Anyway there is someone to be blamed for all the confusion about it...


----------



## cabriofahrer (Nov 18, 2009)

Today I tried a freebsd-update fetch install on a fresh installed FreebSD 7.2-System. That gives you 7.2-p4 or something like that, an update of the kernel is also performed as I understand.
But when installing packages from 7-stable you still get the same problem. It looks like you just cannot rely on installing stable-packages on a release-system, no matter what you do.
So either you stick to the old release-packages or you upgrade from ports, or you upgrade to 7-stable with makeworld (or something like that, because binary-upgrade with freebsd-update does only upgrade to releases and candidates, but not stable), is that so? 
Aren't there any sites with actual versions of packages for release-versions of FreeBSD?


----------



## warudemaru (Nov 21, 2009)

Apparently that seems to be right, the problem arises when mixing packages from STABLE branch with RELEASE version of system.

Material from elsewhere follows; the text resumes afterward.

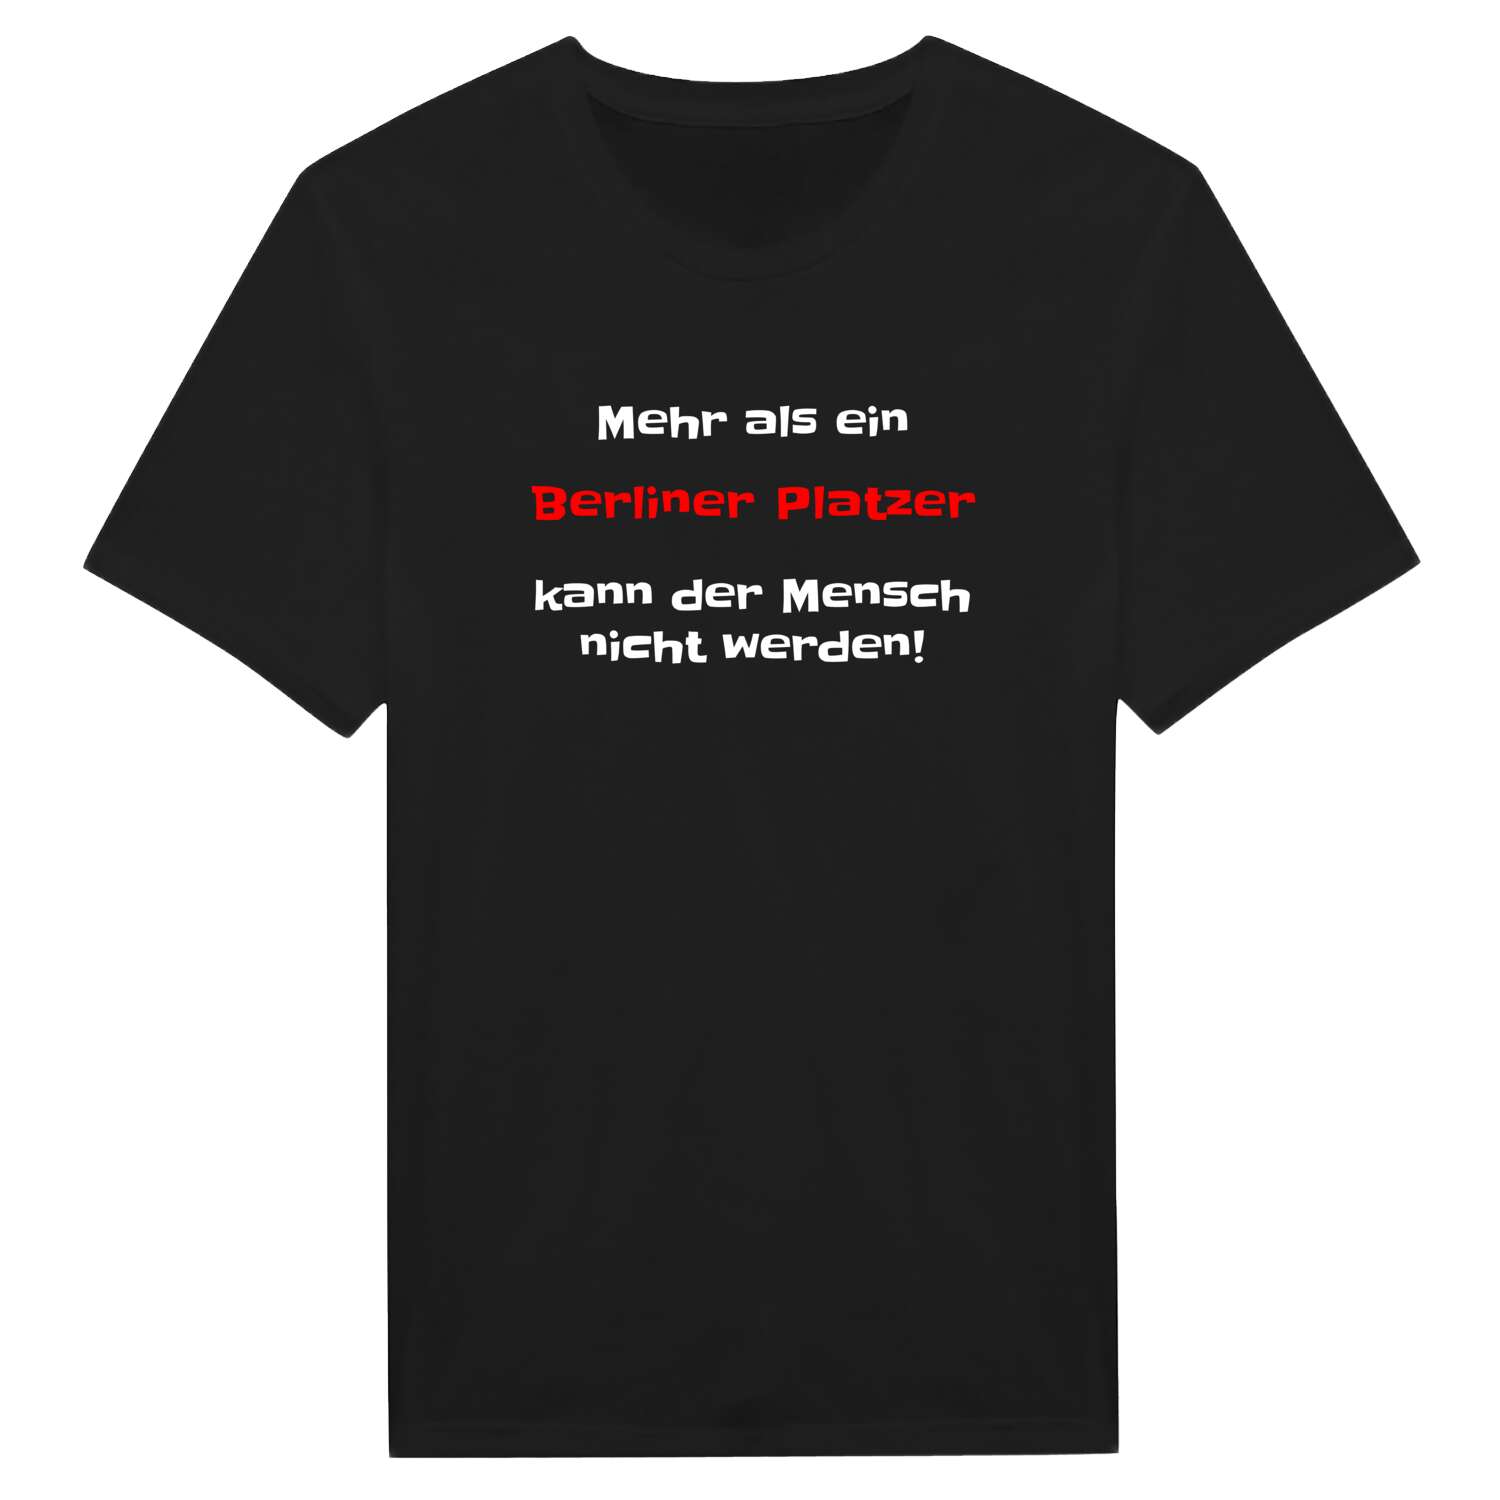 Berliner Platz T-Shirt »Mehr als ein«

Can be fixed after moving system to STABLE branch (cvsup and make buildworld), or rebuilding the packages causing errors from ports.


----------



## cabriofahrer (Nov 23, 2009)

You don't even need to mix stable-with release-packages. A complete userland environment by stable packages only in a releas base-system will cause that trouble. Of course you can reinstall packages causing trouble with ports, but in order to do that you first need to find out which packages are causing that problem.
And upgrading the basis-system to stable is no good, because then neither freebsd-update nor a sysinstall-upgrade of a later release version will work then. This is very unsatisfactory.
Why can't we just get provided with up to date release-packages for people who want to stick with their FreeBSD-Release-Version until a new release comes out, which actually is the recommended thing to do for production use???


----------